On your right, Jedlik Ányos Street opens as a straight stone-paved lane between pale baroque façades, with enclosed corner balconies marking the entrance.
This is one of those places where a city stops posing and simply keeps going. Jedlik Ányos Street links the western side of Dunakapu Square to the northwestern corner of Széchenyi Square, and today it works as a pedestrian street lined with shops, restaurants, and a long, orderly row of baroque homes. It feels settled... because it is.
Its present name is younger than the buildings. For a long time this was Felső-Duna Street, Upper Danube Street. Then, on the seventeenth of January, nineteen oh one, Győr’s city assembly renamed it for Jedlik Ányos, honoring a modern scientific mind by writing his name into a much older street plan. It is a neat local habit: keep the old walls, add a new layer of memory.
And the walls here really do carry continuity. The corner plot at Dunakapu belonged to the widow of Tamás Mészáros in sixteen seventeen, and Simon Radics held it in seventeen oh three. That means long before the current name, long before the paving and café life, people were already buying, inheriting, and arguing over the same urban ground. Cities are less about sudden change than stubborn address books.

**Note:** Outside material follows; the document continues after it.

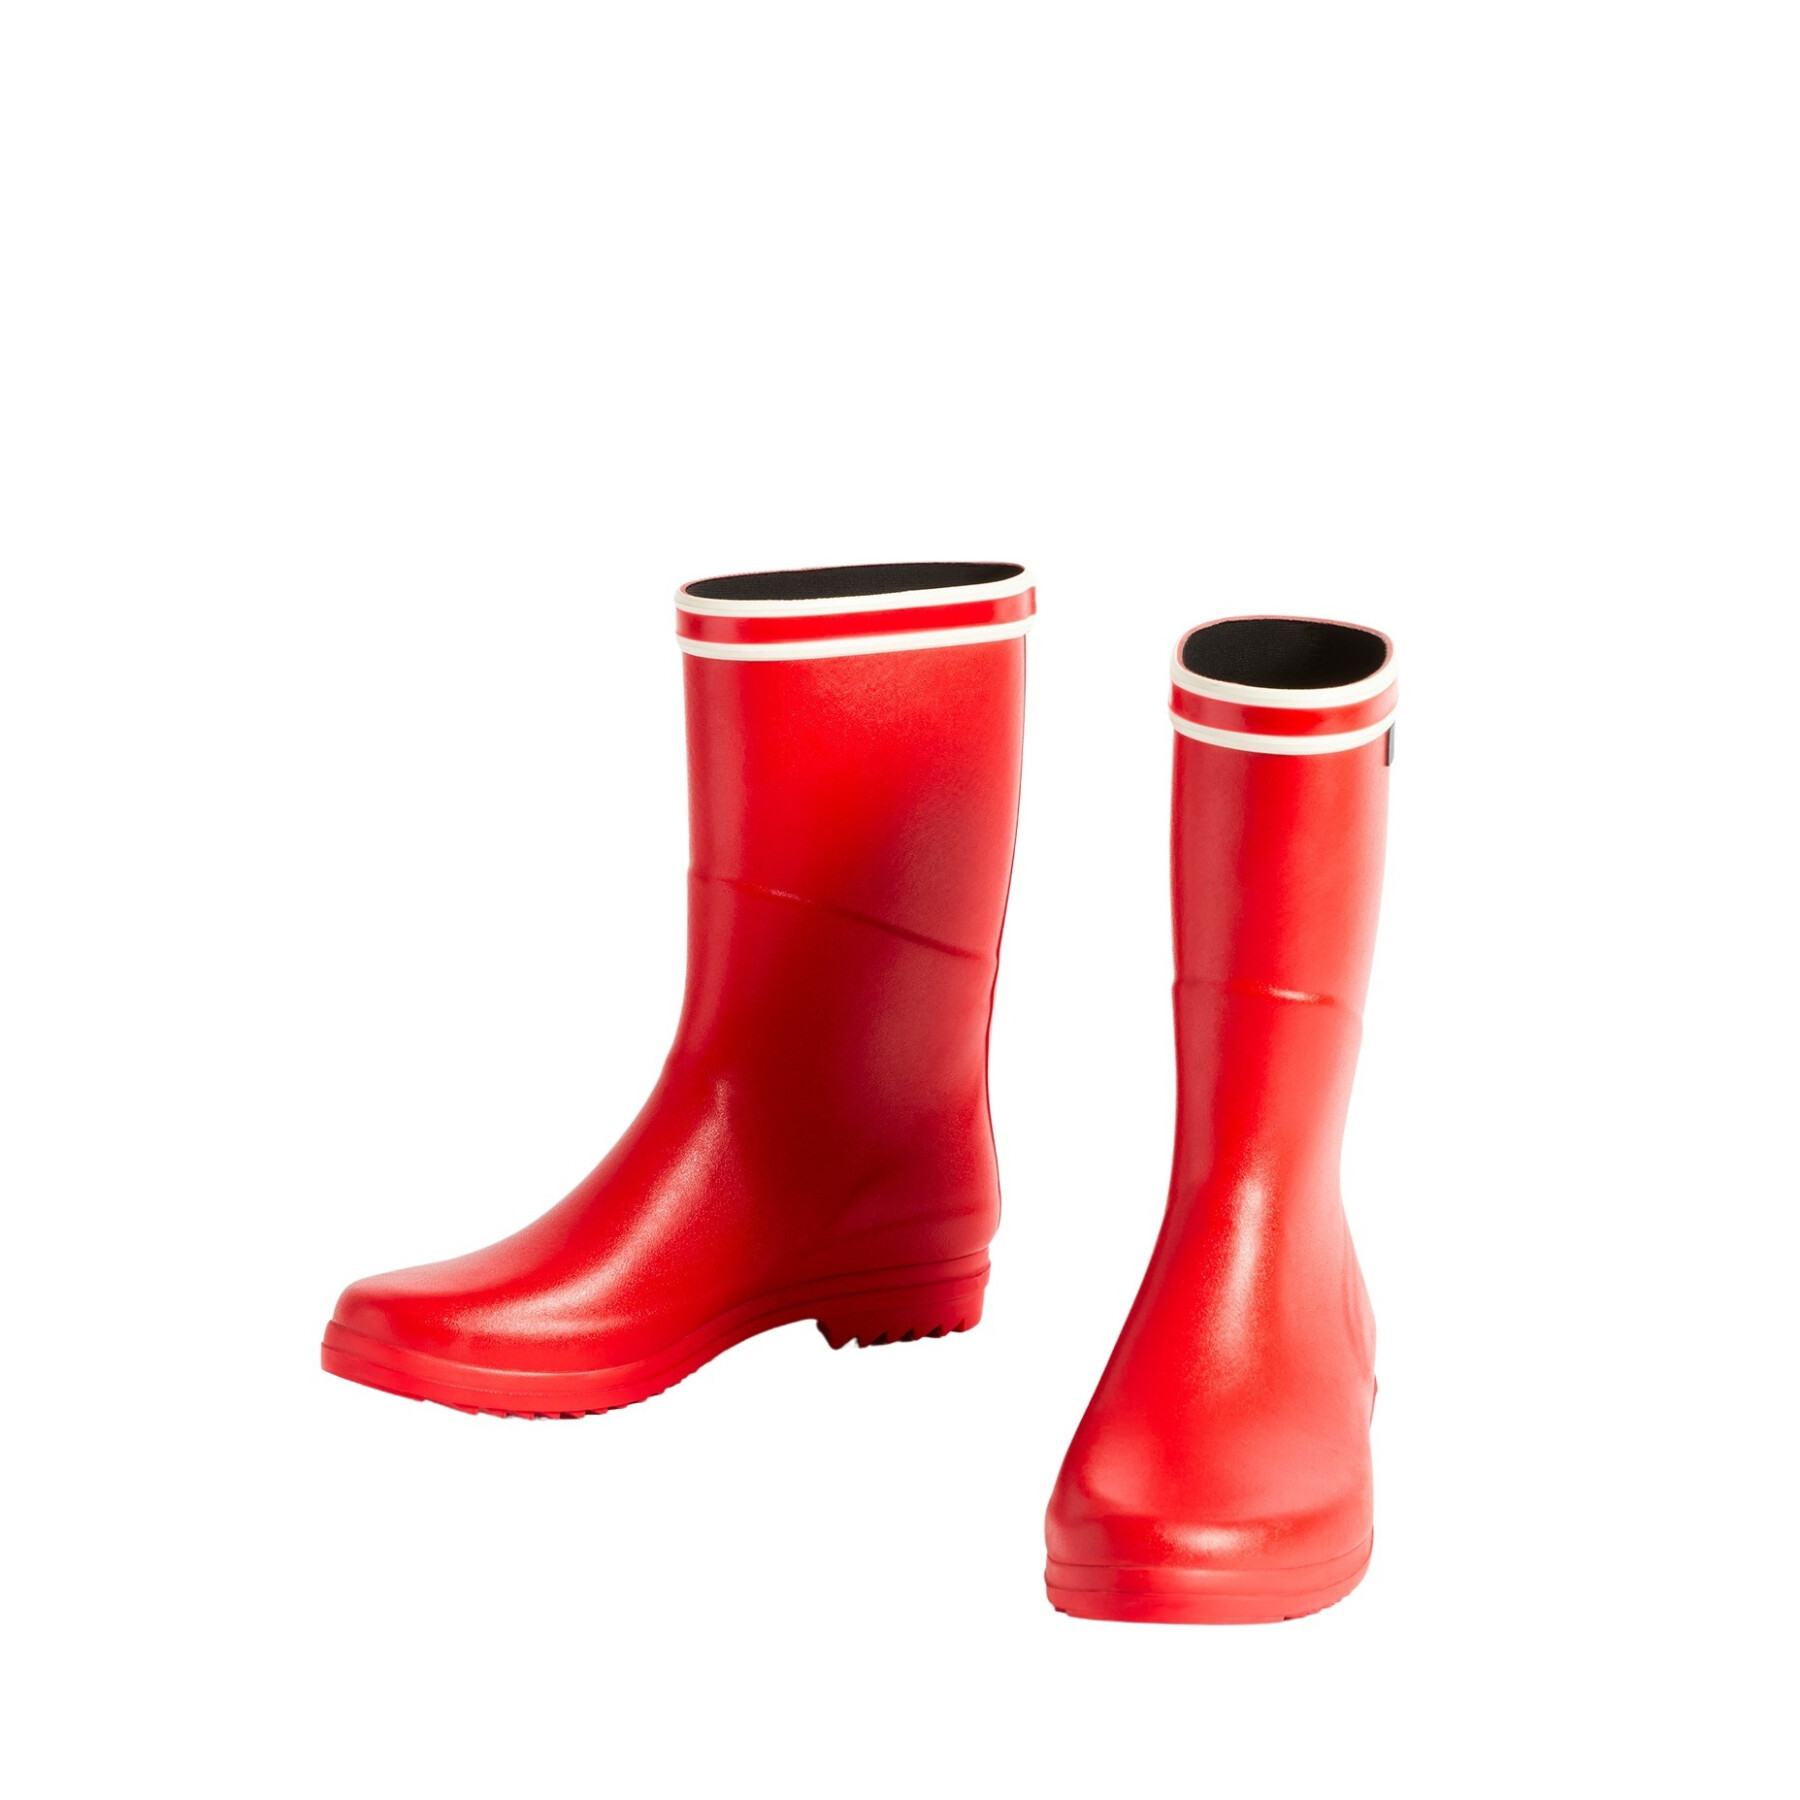 Women's rain boots Aigle Chanteboot Stnl

If you glance at the image on your screen, you can see how the street forms a baroque corridor between the two squares, held together by a steady rhythm of façades. One of the finest survivors is number nine, the street’s most valuable historic house. Its present front came together in the late eighteenth century when builders merged two older baroque houses, and one of its enclosed balconies still carries the date sixteen ninety-two carved into the stone. Nearby, number ten keeps an eighteen twenty-three date above a red marble-framed gate.

A short way along lies little Gutenberg Square, where the Ark monument stands at the center of a story Győr never forgot: in seventeen twenty-nine, guards spotted a disguised deserter in a religious procession, grabbed him, and in the scuffle knocked the sacred vessel from a priest’s hands. King Charles the Third answered the outrage by ordering the monument in seventeen thirty-one. So even here, on an ordinary walking street, devotion, authority, and public memory meet in the middle.
The city renewed this street in twenty eleven and twenty twelve for one hundred and seventy-four million forints... then some of the new stones cracked because the joints were too tight. Baroque dignity, modern engineering, same old human margin for error.
Like the Apátúr-ház, this street shows how names and uses shift while the frame endures. Now it also serves as one of Győr’s north-south cycling routes toward Kossuth Bridge. That’s our next stop, about a three-minute walk away, where the city trades street names for something even plainer and more essential: connection.